RECORDED INFORMATION |
"""

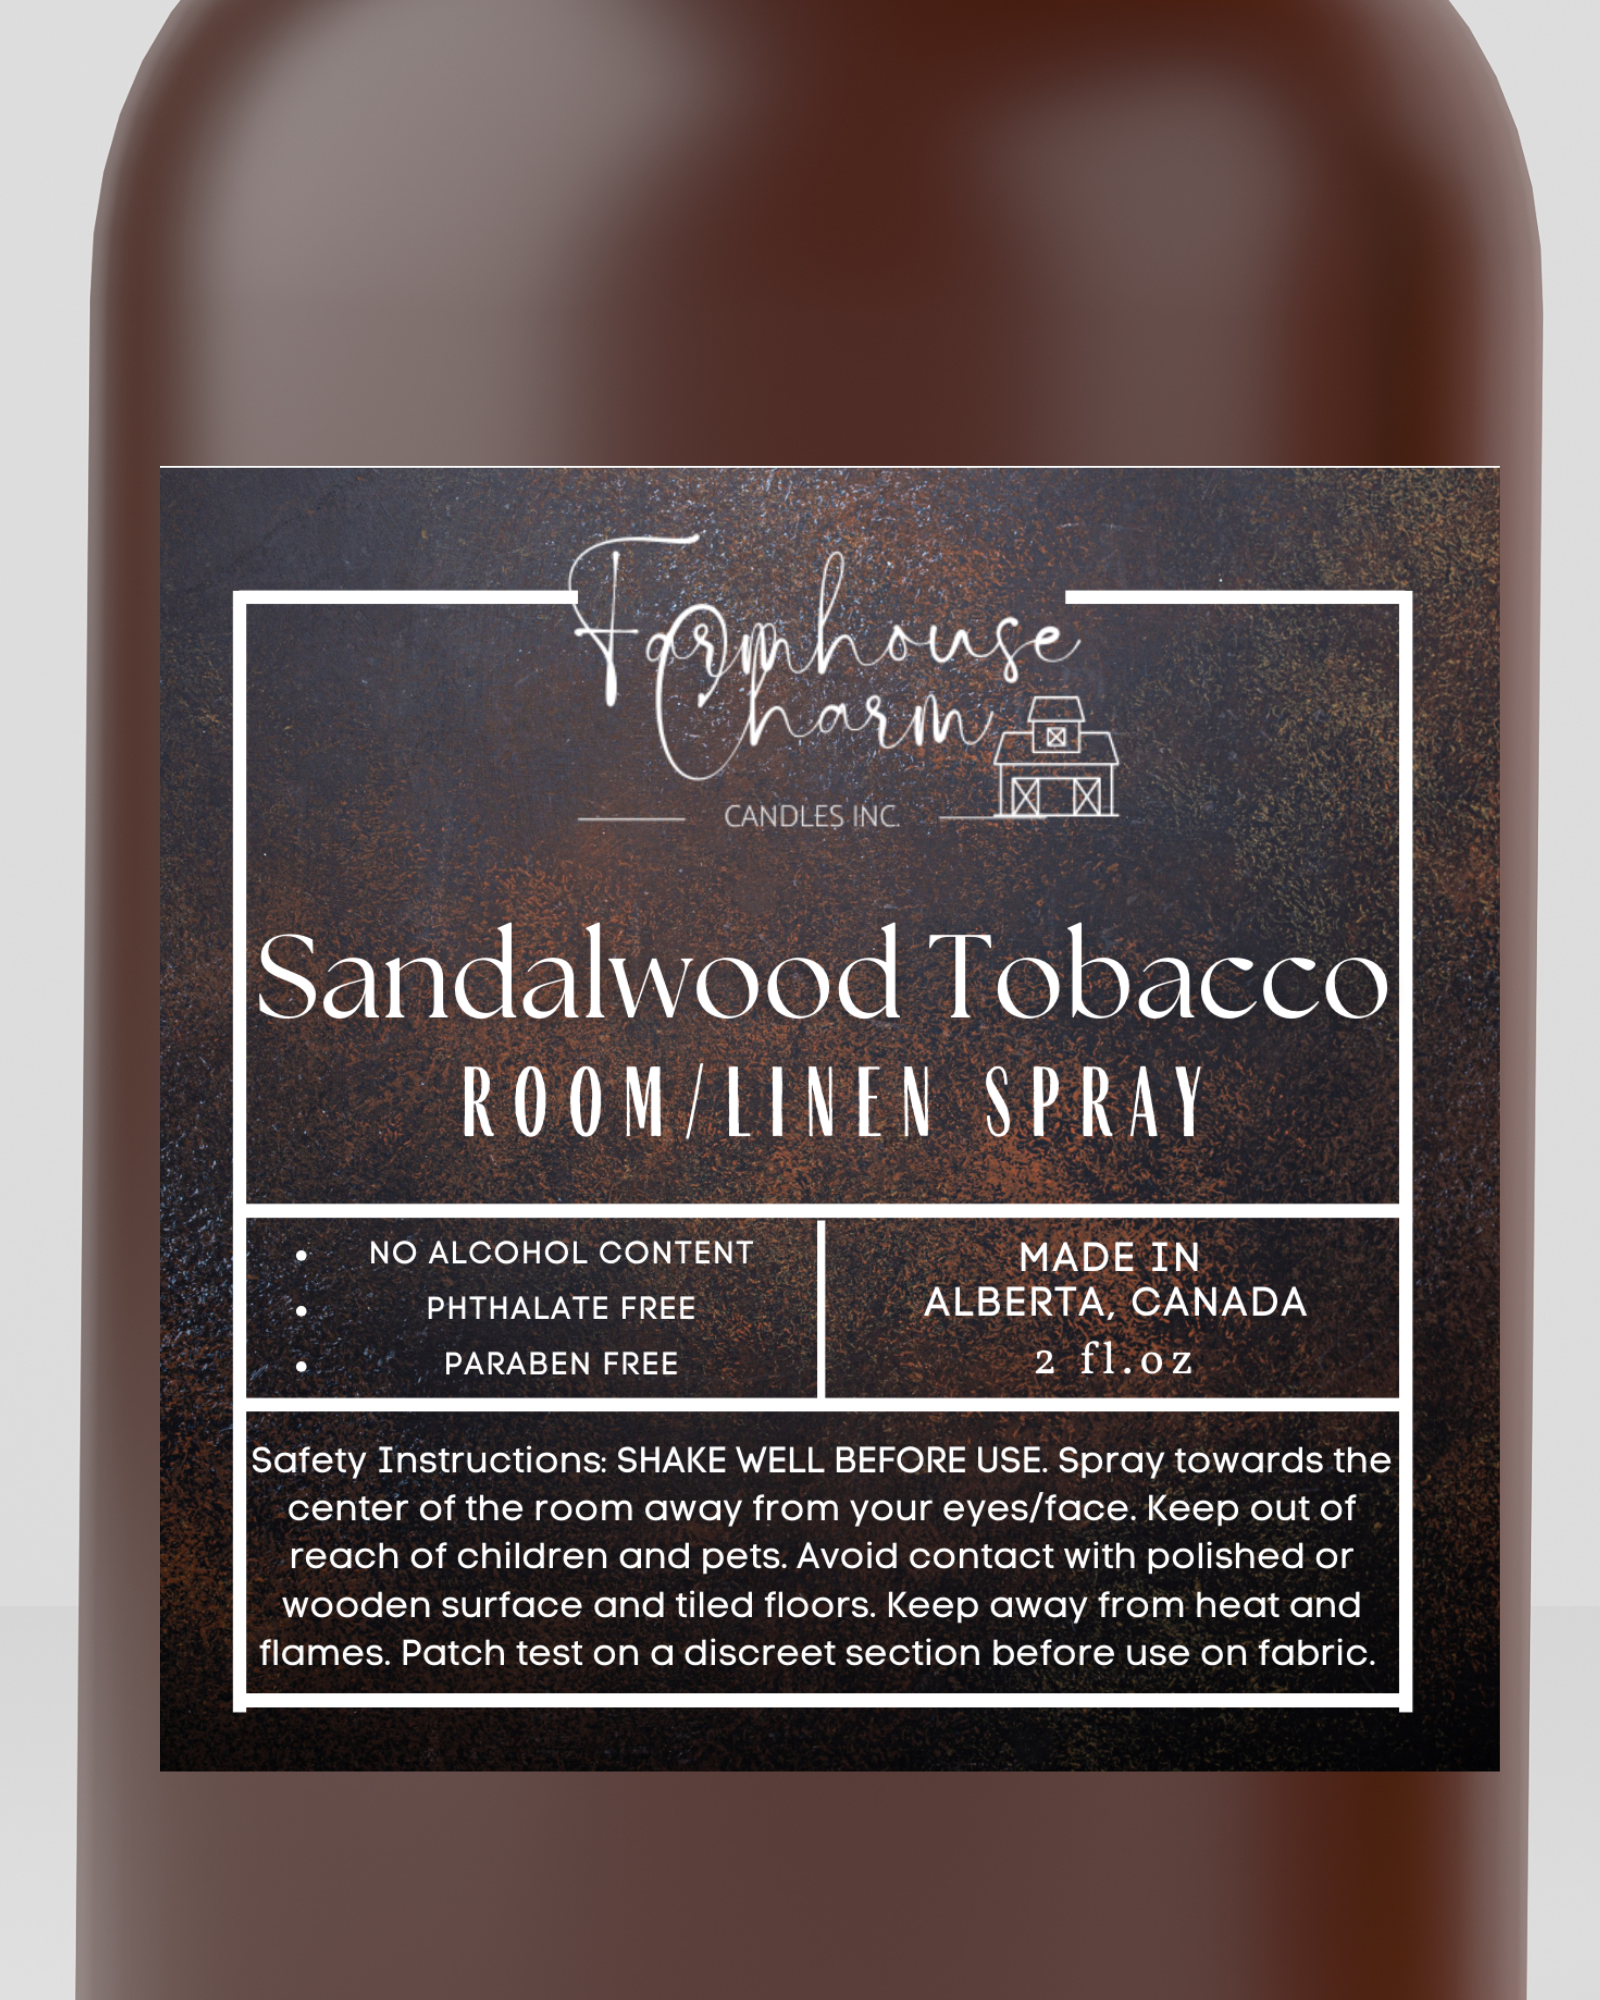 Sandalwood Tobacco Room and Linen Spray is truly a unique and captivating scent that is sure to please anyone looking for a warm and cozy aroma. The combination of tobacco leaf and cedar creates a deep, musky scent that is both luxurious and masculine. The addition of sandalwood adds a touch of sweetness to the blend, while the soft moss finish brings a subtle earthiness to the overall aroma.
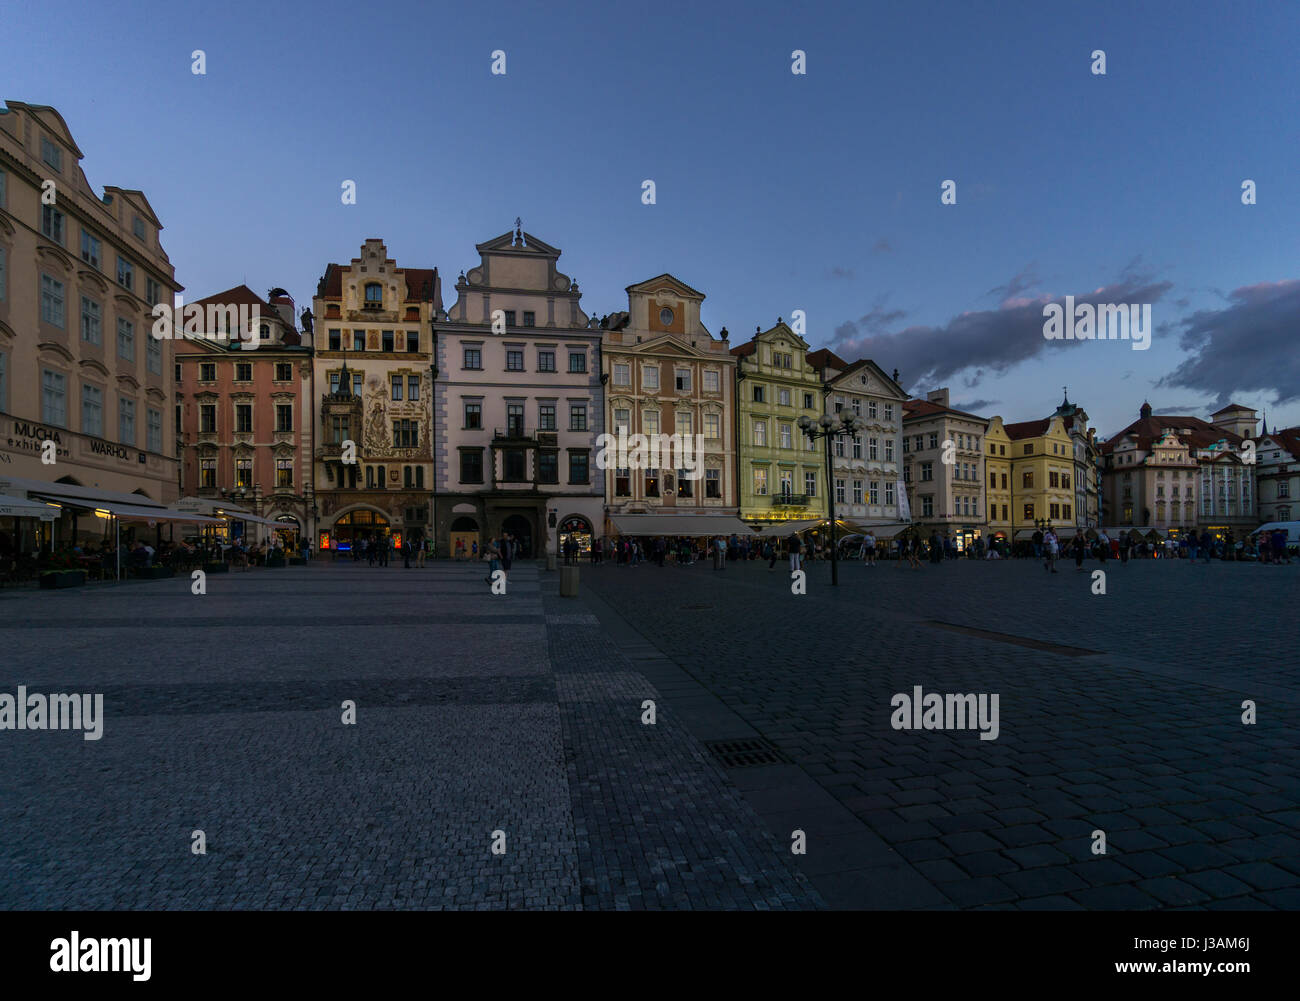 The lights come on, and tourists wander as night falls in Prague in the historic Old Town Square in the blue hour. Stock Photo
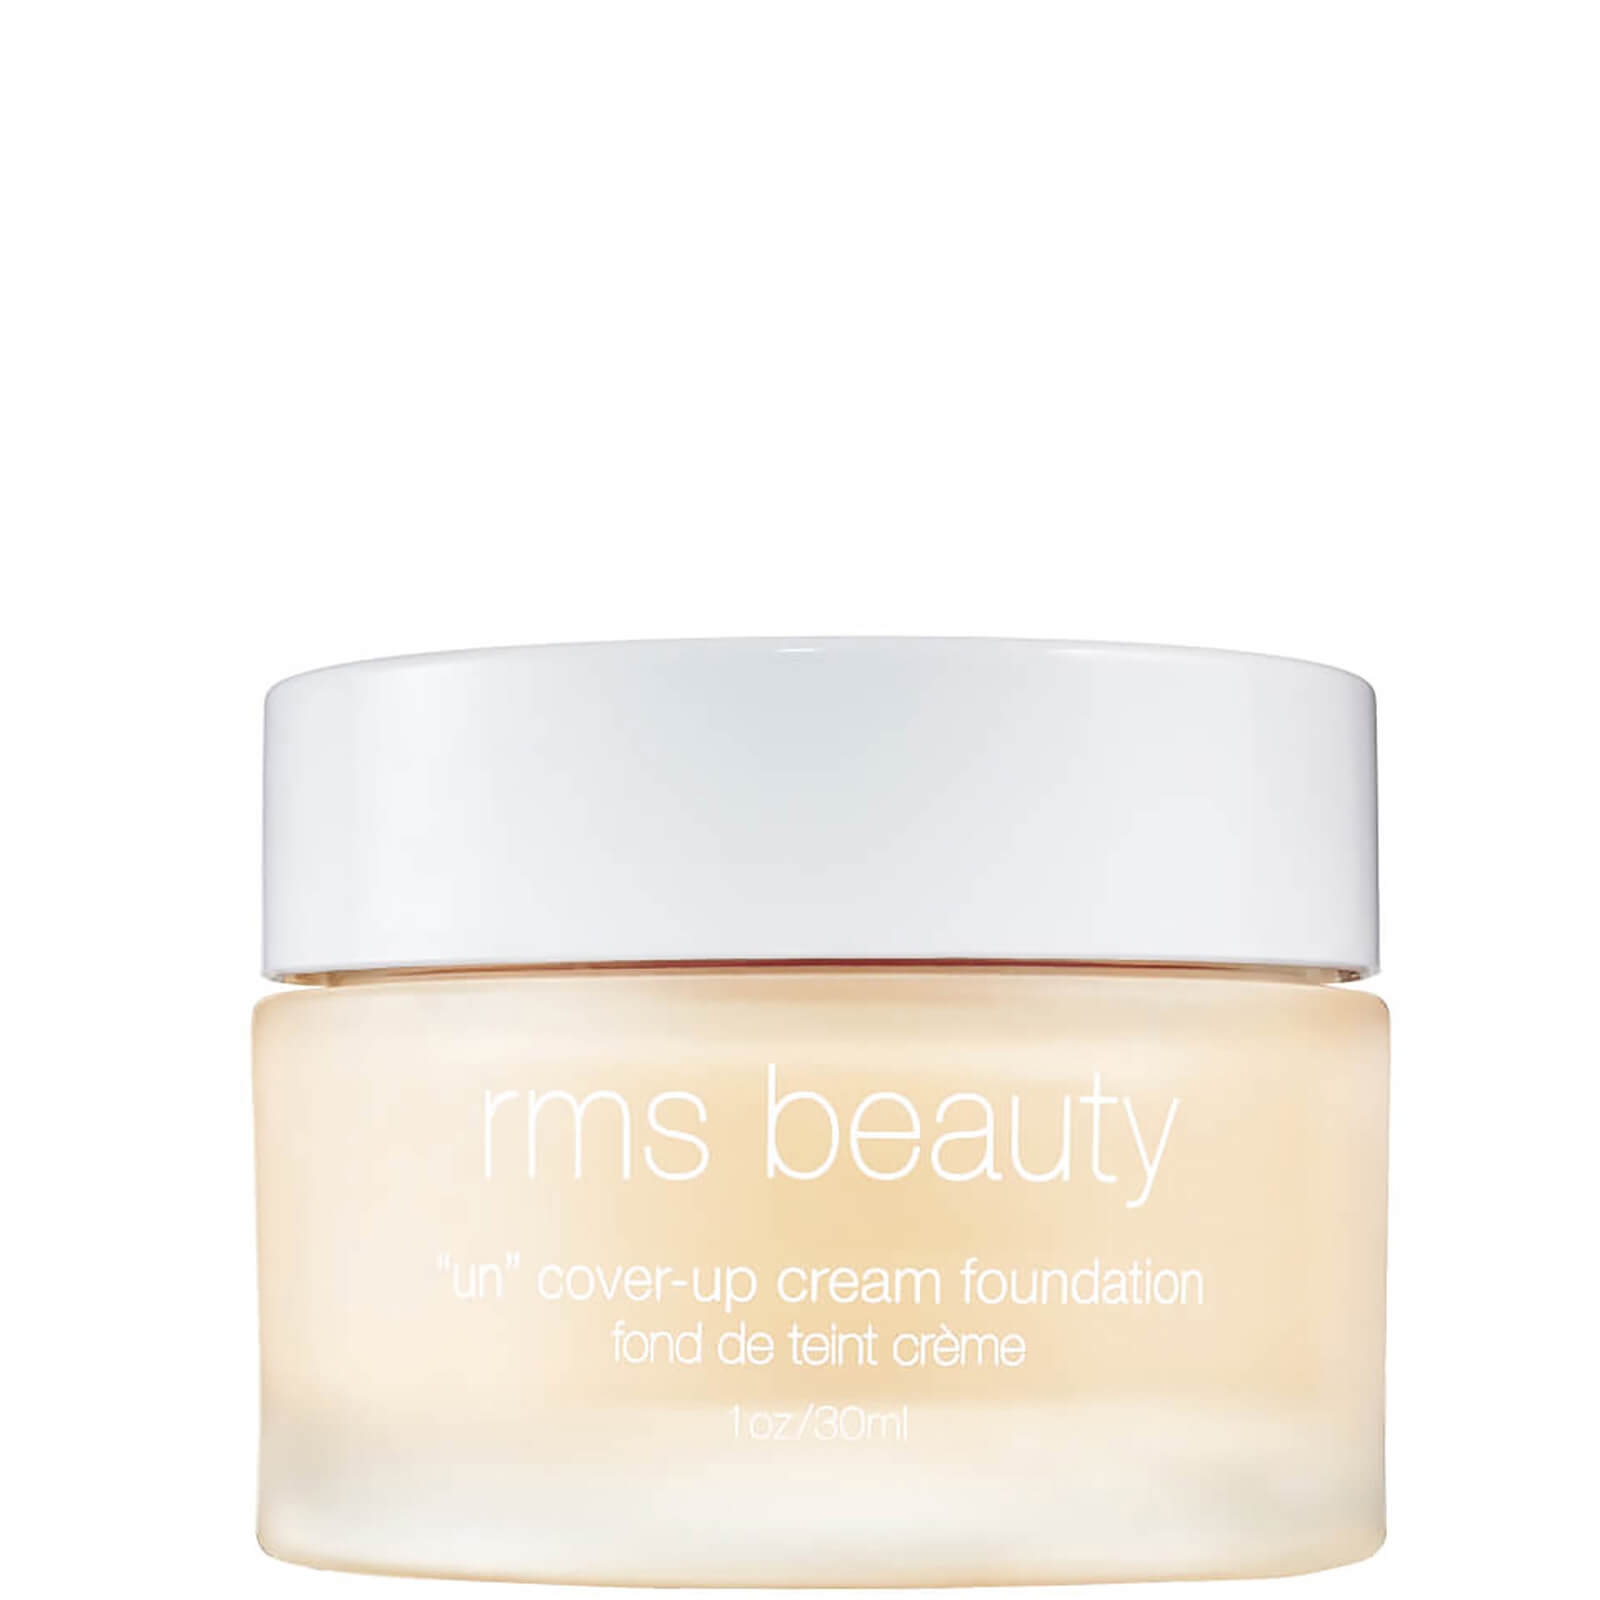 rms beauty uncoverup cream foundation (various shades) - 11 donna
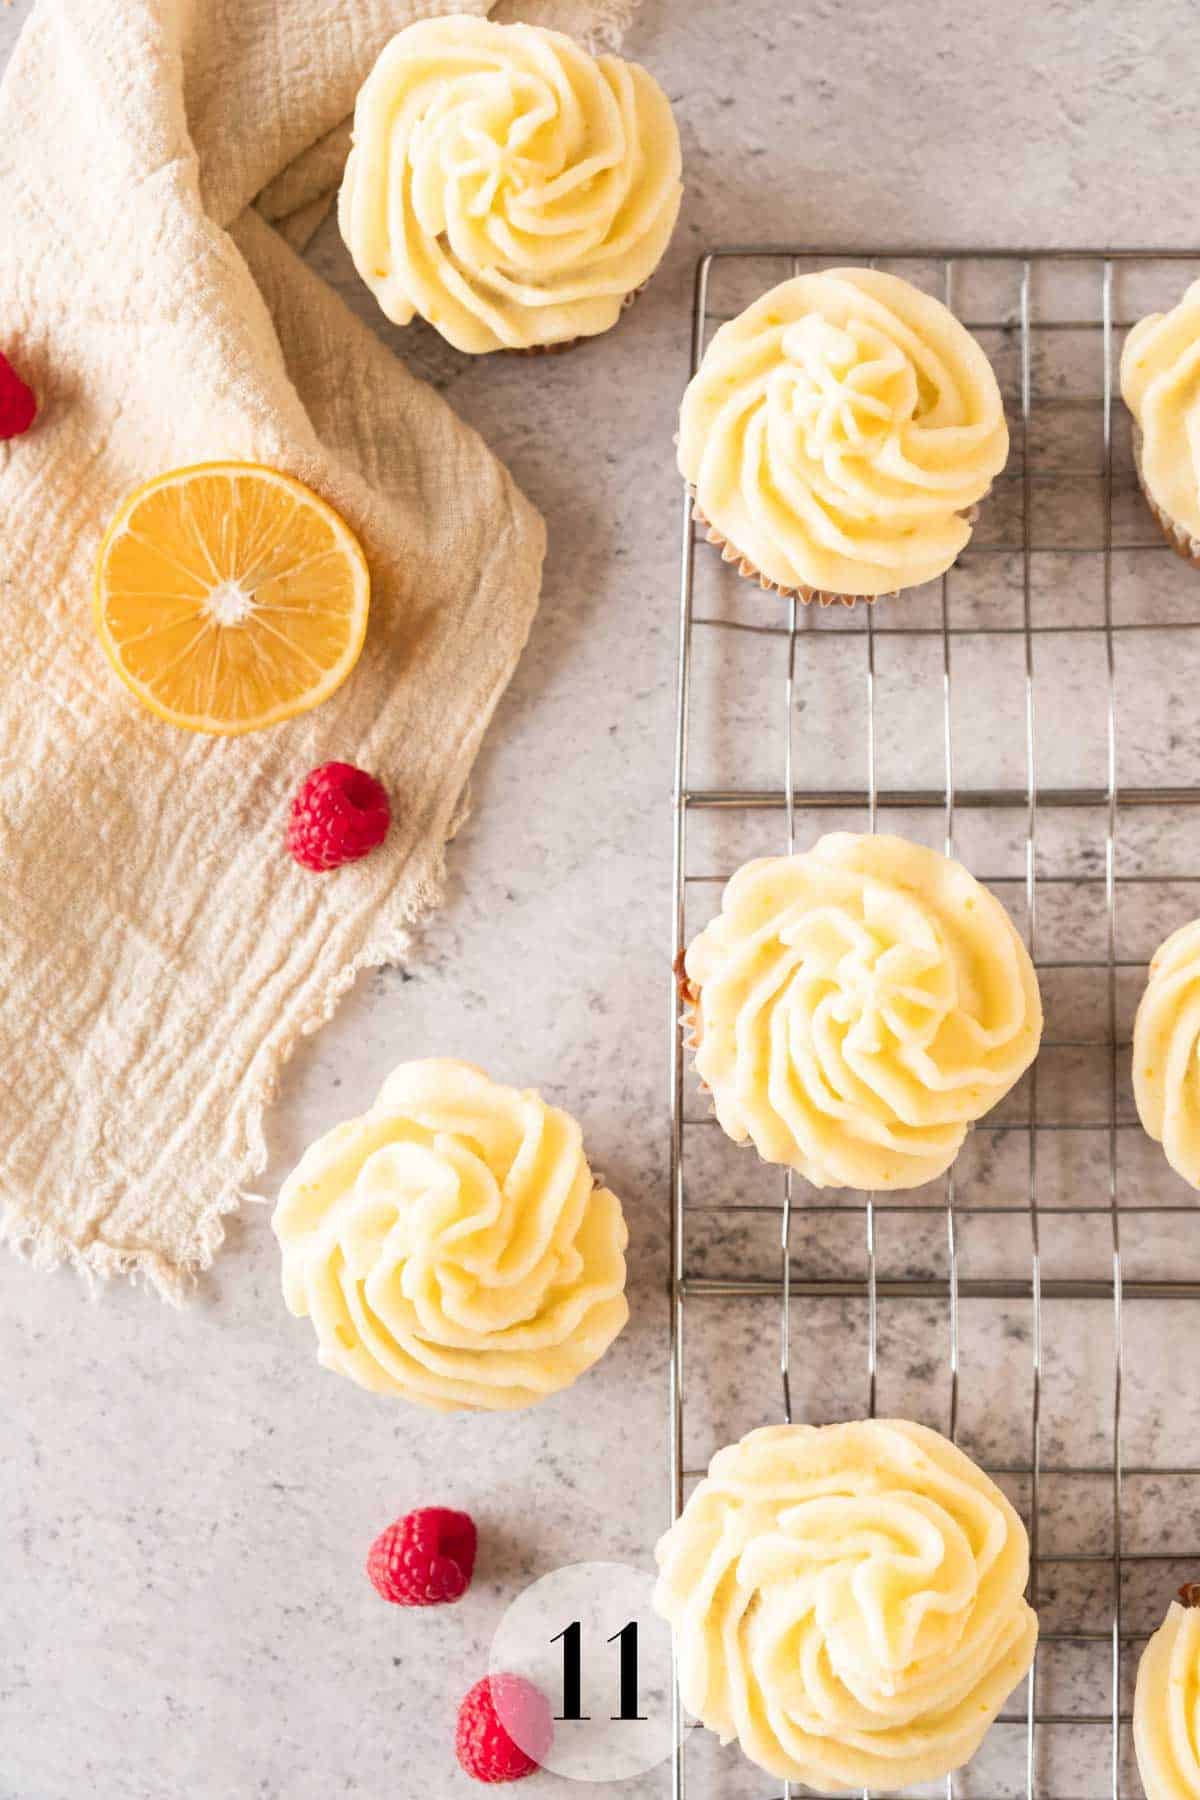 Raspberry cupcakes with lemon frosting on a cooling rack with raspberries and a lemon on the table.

"""

TO DO | The data must be repeated exactly. Any pictures in it are to be left out.

RESULT BELOW |
 Sandalwood Tobacco Room and Linen Spray is truly a unique and captivating scent that is sure to please anyone looking for a warm and cozy aroma. The combination of tobacco leaf and cedar creates a deep, musky scent that is both luxurious and masculine. The addition of sandalwood adds a touch of sweetness to the blend, while the soft moss finish brings a subtle earthiness to the overall aroma.
 The lights come on, and tourists wander as night falls in Prague in the historic Old Town Square in the blue hour. Stock Photo
 rms beauty uncoverup cream foundation (various shades) - 11 donna
 Raspberry cupcakes with lemon frosting on a cooling rack with raspberries and a lemon on the table.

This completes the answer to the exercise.